(Abel's Test) Let $\left(f_n\right)$ and $\left(g_n\right)$ be two sequences of real-valued functions on a set $X$. Assume that: (i) $\sum_n f_n$ is uniformly convergent on $X$. (ii) There exists $M>0$ such that $\left|g_n(x)\right| \leq M$ for all $x \in X$ and $n \in \mathbb{N}$. (iii) $\left(g_n(x)\right)$ is monotone for each $x \in X$. Then the series $\sum_{n=1}^{\infty} f_n g_n$ is uniformly convergent on $X$.
I now present a proof which doesn't require the monotonicity
proof:
$\left|\sum_{k=m+1}^n f_k g_k\right|\leq M\left|\sum_{k=m+1}^n f_k\right|\leq M \cdot \varepsilon / M=\varepsilon .$
This follows from (i) and (ii) of the Theorem. QED
What is the mistake here and what would be a correct proof including the monotonicity criterion?

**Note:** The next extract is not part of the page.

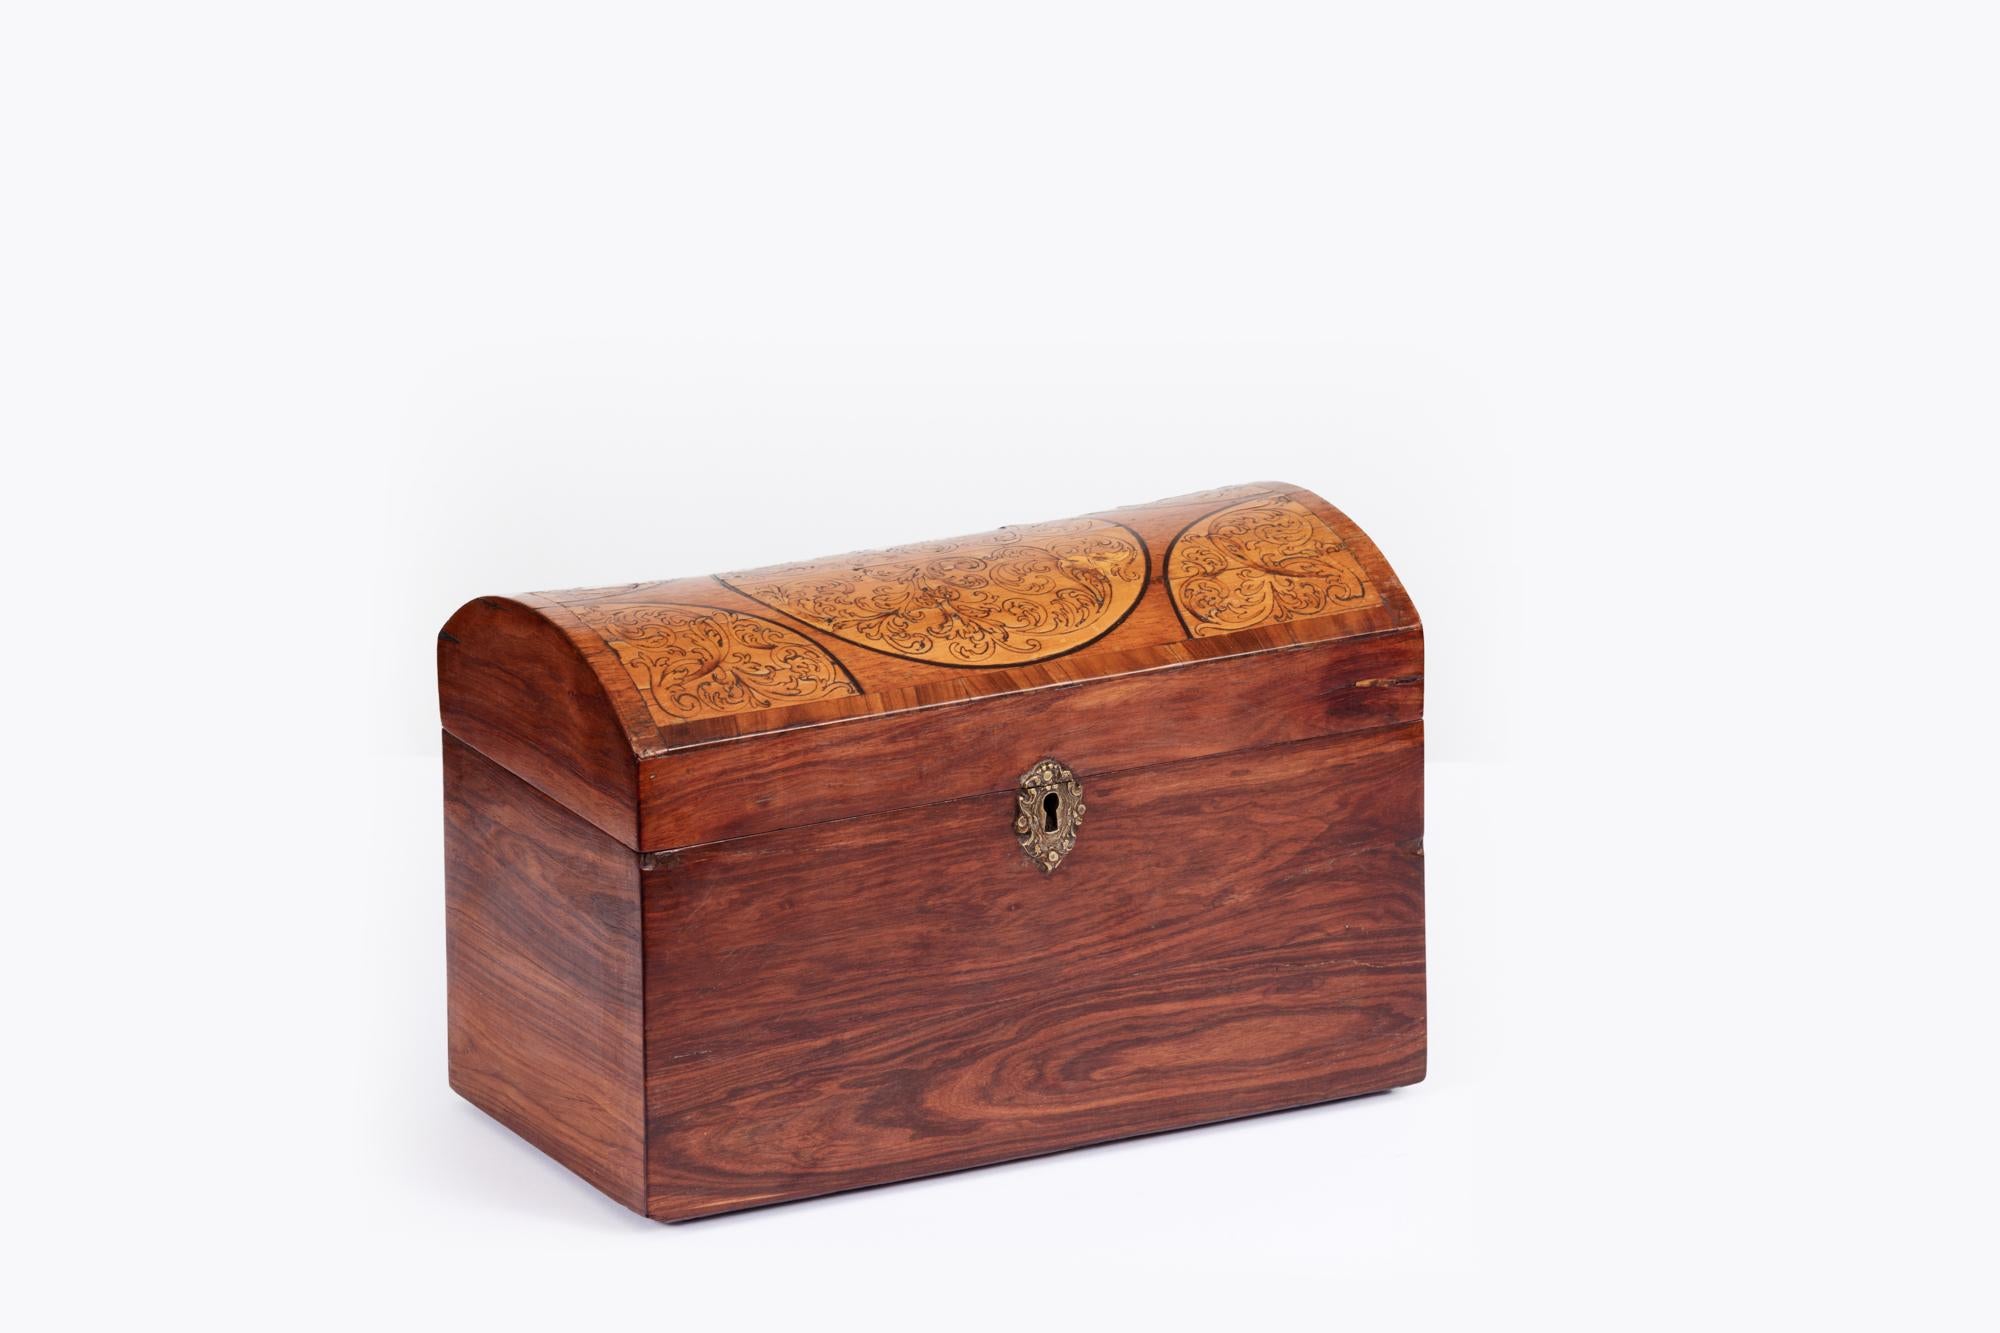 English 19th Century Inlaid Dome-Top Wooden Box For Sale

The error lies in the inequality$$\left|\sum_{k=n+1}^mf_kg_k\right|\leqslant M\left|\sum_{k=n+1}^mf_k\right|.$$All you can deduce from those assumptions is that$$\sum_{k=n+1}^m\left|f_kg_k\right|\leqslant M\sum_{k=n+1}^m\left|f_k\right|,$$which is not the same thing.